Undergraduate Courses

List of courses offered by the Linguistics Department.

To see if a class meets in the current quarter, as well as the time and location, go to the Linguistics Department’s Course Schedule page.

Courses usually offered every quarter are Linguistics 1, 20, 102 or 103, 119A or 120A, 120B. Most other courses may be offered one or two quarters. An internal tentative Linguistics course offerings list for the following academic year is made available at the end of May or early June of the preceding academic year.

Frequently Asked Questions:

How big are UCLA Linguistics courses?
The majority of required linguistics courses for the majors are capped at 40 students per lecture, with the exception of Linguistics 1, 20, 102, 119A, and 120B.
Who do I contact for assistance with course planning?
Please refer to the Undergraduate Student Affairs Officer for guidance with course planning for the major.
Can I take major requirements as pass/no pass?
Only foreign language requirements may be taken for Pass/No Pass grading. All other preparation for the major and upper-division major requirements must be taken for a letter grade. *Due to the COVID-19 pandemic, exceptions have been made to this policy. Please visit the majors/minor page to view the memos outlining these exceptions.
Can I take preparation for the major requirements at a community college or other university?
Yes, however, you must first consult with the Undergraduate Student Affairs Officer if you plan to take courses at another college or university for approval and confirmation.
I completed a course for my major, but it does not appear on my degree audit report. What do I do?
Please send an email to the Undergraduate Student Affairs Officer to address this inquiry. Include your university ID number and the course information in the email.

Fall 2024

  • ASL 1 - Elementary American Sign Language

    Instructor(s): Benjamin Lewis, Jennifer Marfino

    Lecture, five hours. Introduction to fundamentals of American sign language. P/NP or letter grading.

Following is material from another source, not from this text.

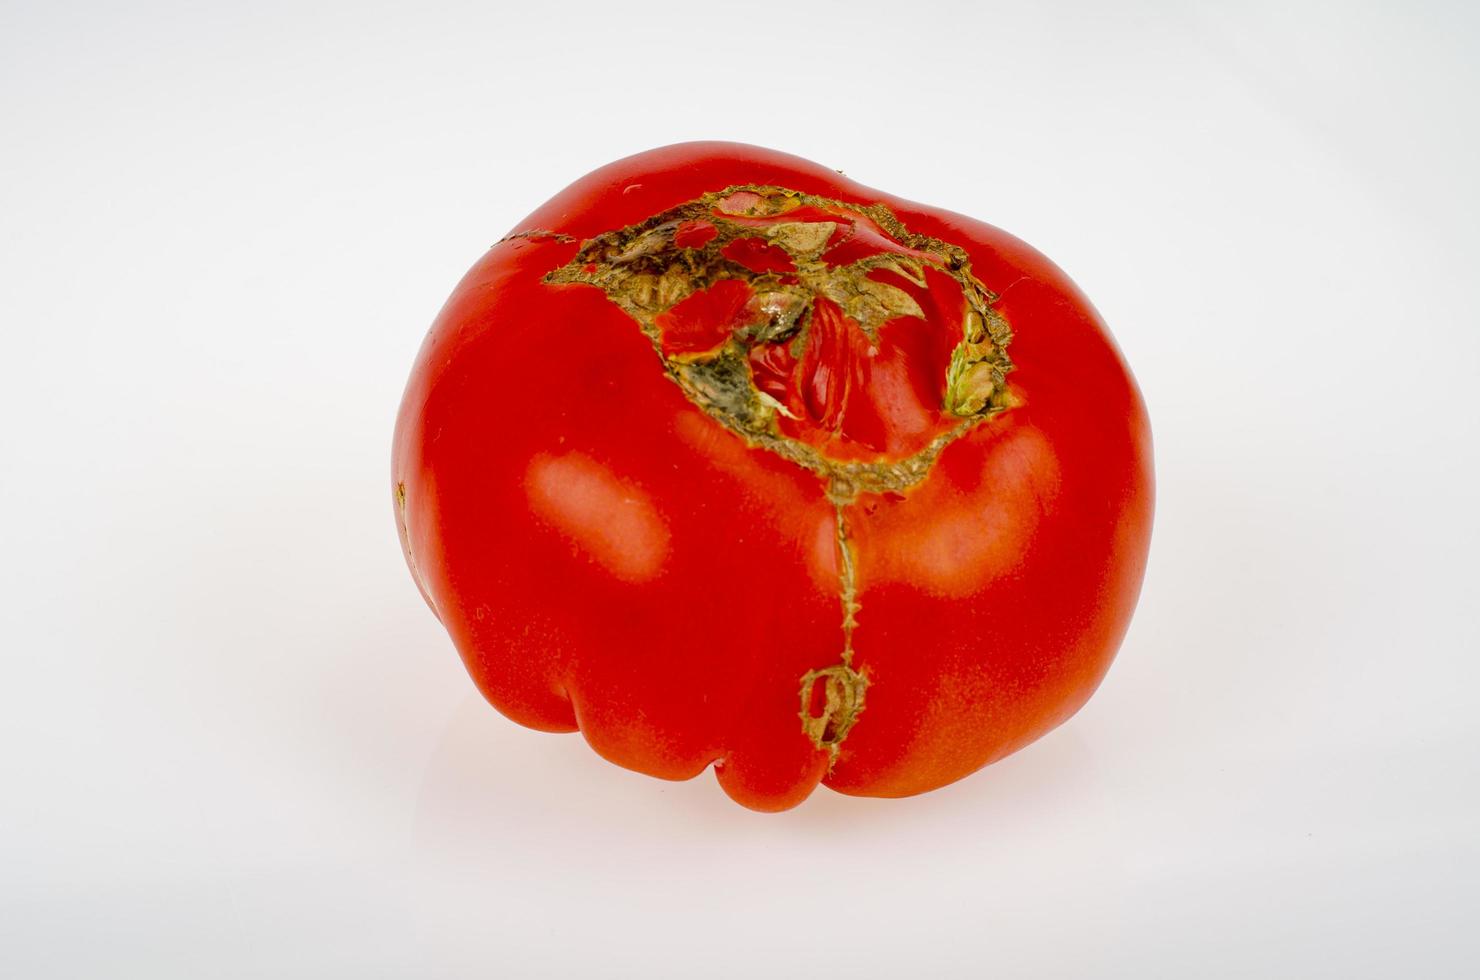 enfermedades de los tomates, pudrición superior en frutas. foto de estudio

  • ASL 4 - Intermediate American Sign Language

    Instructor(s): Jennifer Marfino

    Lecture, five hours. Enforced requisite: course 3 or 8. Intermediate American sign language. P/NP or letter grading.

  • ASL M115 - Enforcing Normalcy: Deaf and Disability Studies

    Instructor(s): Benjamin Lewis

    (Same as Disability Studies M115.) Lecture, three hours. Exploration of historical, medical, social, political, philosophical, and cultural influences that have constructed categories of normalcy, disability, and deafness. Building on writing of Michel Foucault and critical work in field of disability studies, inquiry into institutions that have enforced standards of normalcy throughout 19th and 20th centuries to present. Primary attention to rise of medical authority in West, history of eugenics, and contemporary bioethics issues confronting disability and deaf communities. P/NP or letter grading.

  • LING 1 - Introduction to Study of Language

    Instructor(s): Anissa Gladney, Zia Khoshsirat, Giuseppina Silvestri, Erika Yagi, Arjun Srirangarajan, Elizabeth Sola-llonch, Janos Egressy

    Lecture, three hours; discussion, one hour. Summary for general undergraduates of what is known about human language; biological basis of language, scientific study of language and human cognition; uniqueness of human language, its structure, universality, its diversity; language in social and cultural setting; language in relation to other aspects of human inquiry and knowledge. P/NP or letter grading.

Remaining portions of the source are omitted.